Todo está diseñado para que el joven firme, se consiga el dinero inicial y el resto se podría corregir, como ya hicieron en el pasado Miguel Tejada, Rafael Furcal y hasta el inmortal Vladimir Guerrero.

Es el caso de un jugador que en 2022 un programa que opera en la provincia Santo Domingo pagó US$60,000 para reclutarlo, a cambio del 50% del bono de firma. El pelotero estaría hábil para firmar en 2026 cuando tendría 17 años, pero el verano pasado se descubrió que era cinco años mayor.

La red de extorción, según las fuentes, incluye hasta el  intercambio de saliva con una persona que se hace pasar como padre en las pruebas de ADN. Se paga miles de dólares a quien se presta al juego.

«Este es un real problema que debe ser abordado por las autoridades competentes e incluso puedo participar, es importante que los jóvenes estudien, que se les garanticen sus derechos», reaccionó el miércoles la primera dama Raquel Arbaje en un mensaje en la red social X (antiguo Twitter). Agrega en el comentario que ha abordado el tema con los expeloteros Moisés Alou y Pedro Martínez.

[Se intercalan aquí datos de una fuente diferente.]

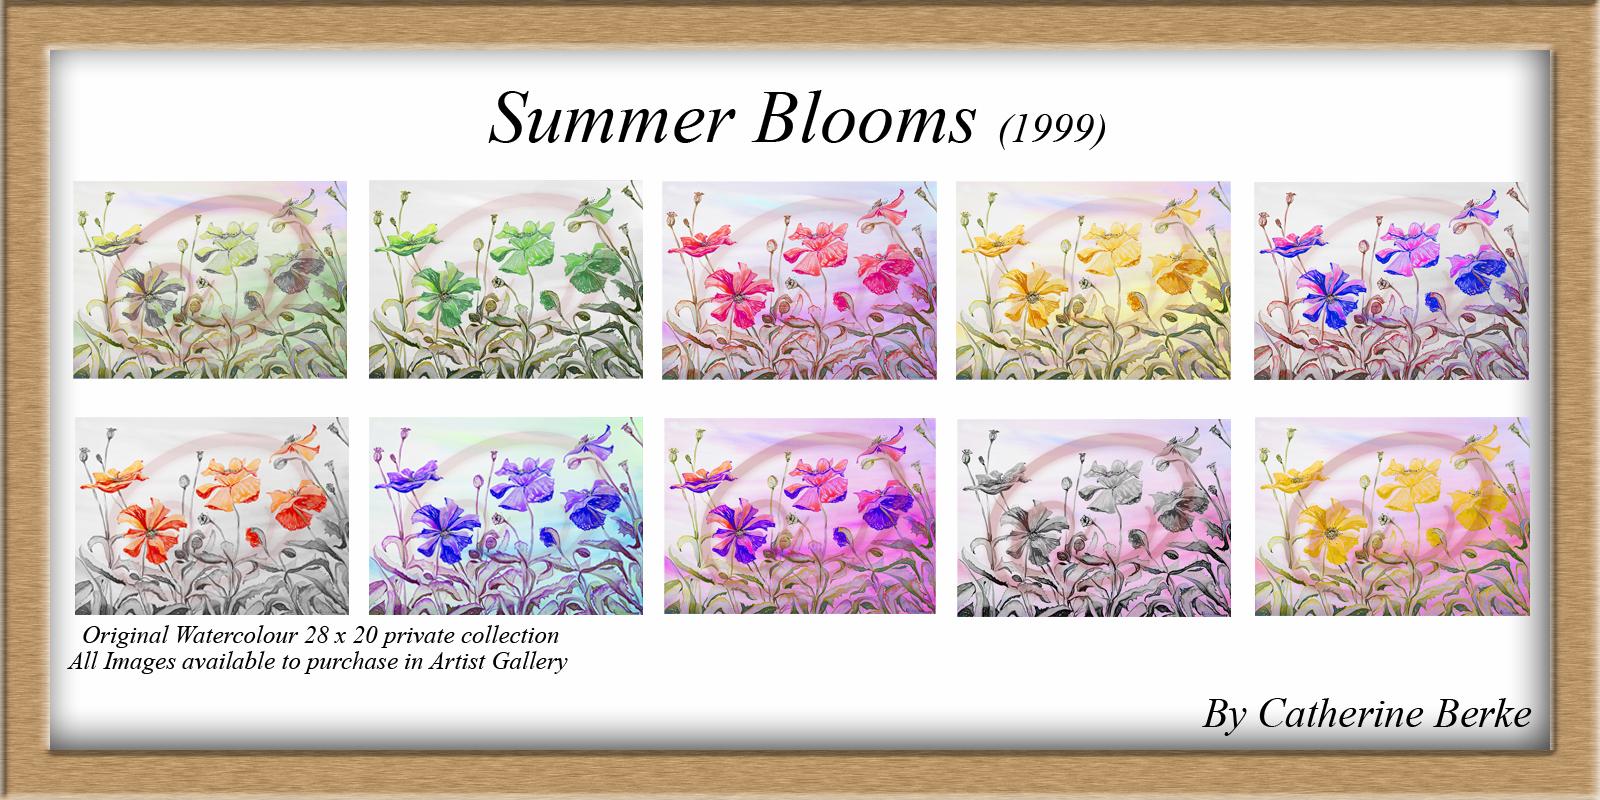 Summer Blooms Gallery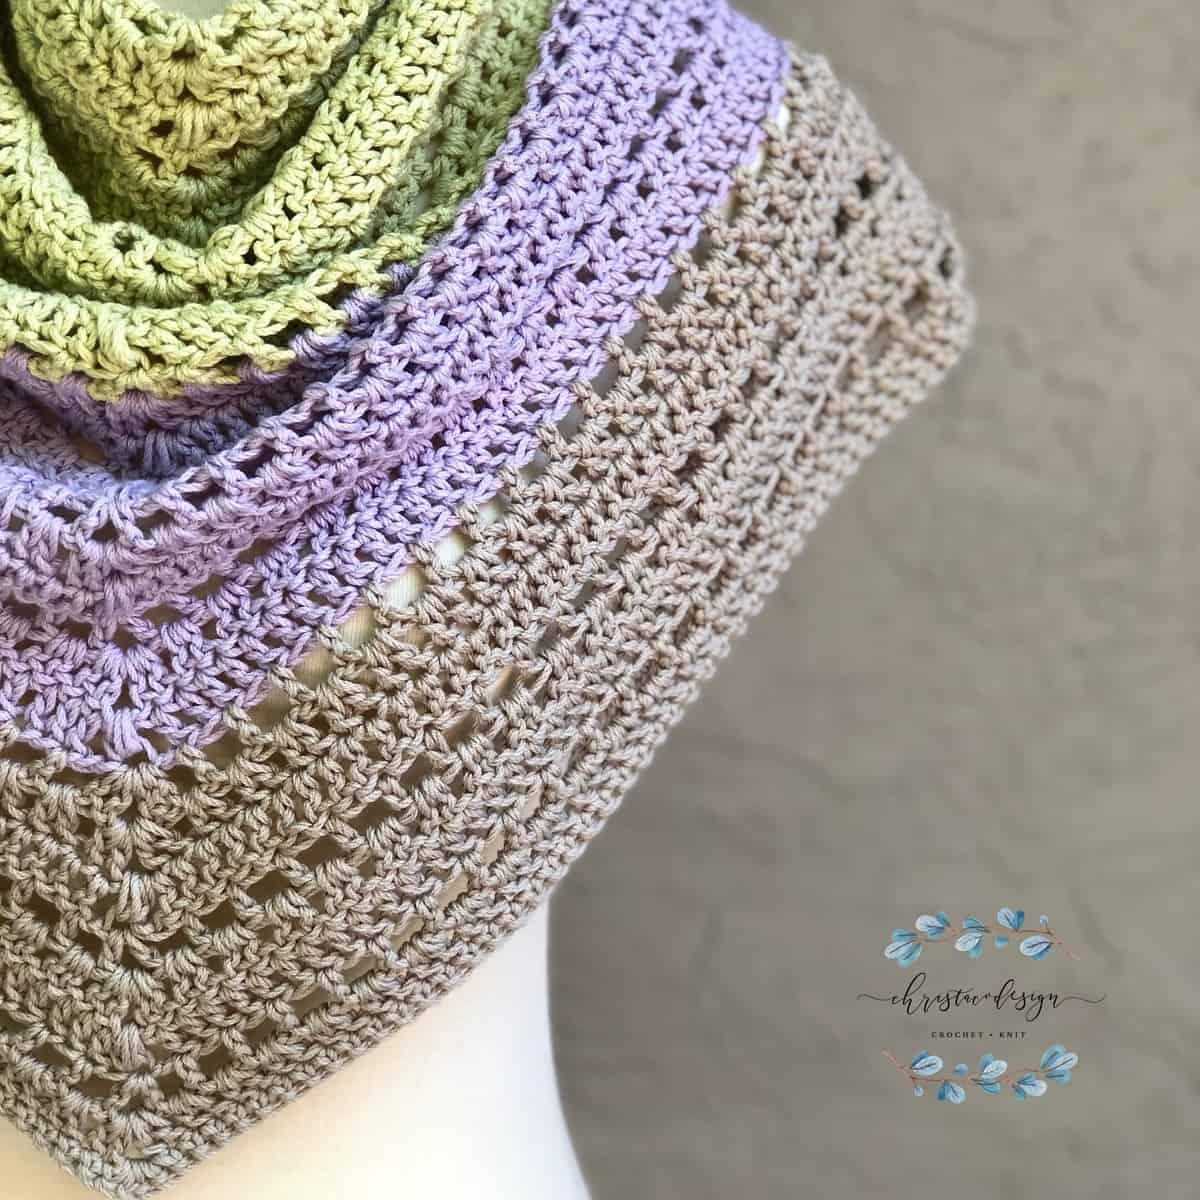 Lightweight summer crochet triangle shawl pattern in beige, purple and green.

Los equipos habrían devuelto decenas de preacuerdos con jugadores que firmarían entre 2024 y 2027 al enterarse de las falsificaciones.

¿Una embestida?

En la MLB sospechan que la estructura lleva años y apunta a jugadores que están en las ligas menores, que ya habrían sido investigado a raíz de demandas legales por personas involucrada en la red, en forma de extorsión.

«Hay entrenadores que se sienten engañados, amarraron hace años a sus jugadores por 300 mil, 500 mil porque la competencia se quedó con los millones. Pero ahora fueron devueltos los grandes, los equipos tienen dinero, pero firmaron a sus jugadores por menos», dice una fuente.

Una propuesta

Javier Rodríguez, un entrenador con casi 30 años en la industria, presentará esta semana una propuesta a sus colegas que entiende puede frenar la más reciente crisis, ya que «si nosotros no arreglamos esto no vendrán de afuera a hacerlo».

Rodríguez, que creó en 2023 la Asociación Internacional de Baseball Independiente (AIBI), ofrecerá una plataforma virtual donde los niños deberán registrarse con la documentación de sus padres, una base de datos que servirá para asegurarse de que el talento que recluten los programas esté en regla.

«Tenemos que hacer frente a esto que está pasando. Vamos a sacar a todas esas personas que se dedican a violentar el juego. Si se comprueba que alguien presenta documentos falsos toda la cadena será sancionada», dice Rodríguez.

El técnico, que entre otros jugadores formó a Rafael Devers, explicó que entre los incentivos que ofrecerá al prospecto que se registre es que el 5% de todo el dinero que cobre como profesional irá a una cooperativa que dan formas, como instrumento de inversión.

«Esta crisis del sistema de juego, la otra es lo que pasa ahora mismo. Son escándalos que benefician a quienes quieren imponer sus reglas en el negocio. Ahora mismo hay dudas para invertir en un jugador«, dice Rodríguez, que insiste el problema no es exclusivo con dominicanos, puesto que también le ha llegado la información de jugadores de otros países. «En Venezuela no hay cómo investigarlo».